By Russell Clark of the Capital Flows and Asset Markets Substack
As hard as it may seem now, peak oil was a big thing around 2007 or so, as the oil price surged.
The idea was that all the easy oil had been extracted, and that oil production was headed for a period of decline and high oil prices would be with us forever.
Of course, economics and finance suggests that high prices will attract capital and innovation, and eventually drive supply. This is exactly what happened as the US shale revolution turned the US into an energy exporter and flooded the market.
The best shorts are cyclical businesses that people believe in are secular stories. Cyclical businesses just need prices to rise high enough to attract competition. To my mind semiconductors and oil seem to have a lot in common. Essential for economic growth, but just need the occasional period of high prices to incentivise supply and capital investment. For me TSMC with its transparent pricing seemed to be a good place to look for signals. And in recent years, pricing has surged. I thought the surge would then see a period of decline like we saw from 2002 to 2011. Now I am not so sure.

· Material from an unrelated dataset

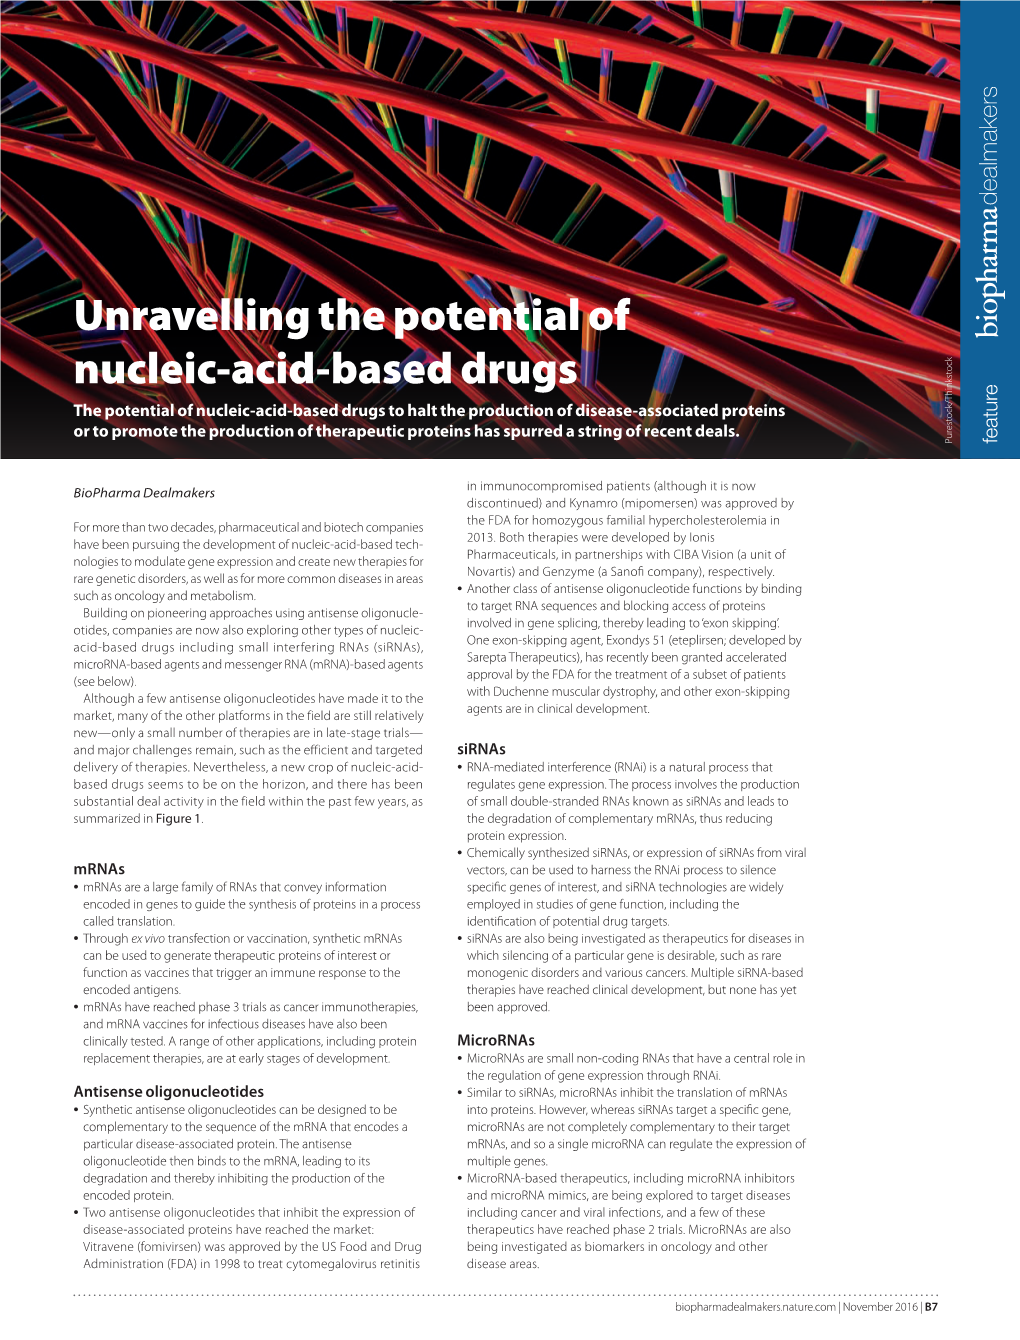 Unravelling the Potential of Nucleic-Acid-Based Drugs

Part of me put the recent surge in semi pricing down to the US effectively kneecapping Chinese semiconductor industry. Surely for an industry as innovative and competitive as semiconductors, surging pricing should soon turn to bust, as it did in 2001. However, reading a recent Economist briefing on semiconductors, I realised I was fooled. As a regular reader of TSMC quarterly reports, and the continual movement to lower and lower telemetry, I thought innovation in the semi industry was moving as it had always done. However as the Economist shows, the node names now longer match up with the actual improvements we are seeing. Unlike oil, there has been no breakthrough technology – we have been operating at peak semi since 2010.
And in contrast to the oil industry, the semiconductor sector has been the place to be.
There has been talk of some technological breakthroughs to drive more improvement- switching from silicone to nano carbon or quantum computing, but nothing so far. If peak semi is real, and it looks that way to me, and AI is real, and my interactions with Chat GPT are leaning that way, then absent a recession, semiconductors will continue to do well. What is similar to peak oil is that semiconductor industry requires a new technology to add capacity. While there is plenty of investment, so far no transformative breakthrough has occurred. Perhaps the most interesting thing about “peak semi” is that AI is driving increasing power usage. The performance of US utilities, and particularly nuclear focused utilities shows that a connection between computing and power prices is beginning to be established.
Can surging investment into AI eventually cause power prices to rise to a degree to force much tighter interest rates policy from central bankers? Maybe, but I don’t know. But what I have learnt is that if the best shorts are cyclical stocks that people believe are secular growth stocks, then the corollary is looking true – cyclical stocks that turn into secular growth stocks are the best longs. Nvidia and semiconductors are fitting that bill – and maybe now utilities too?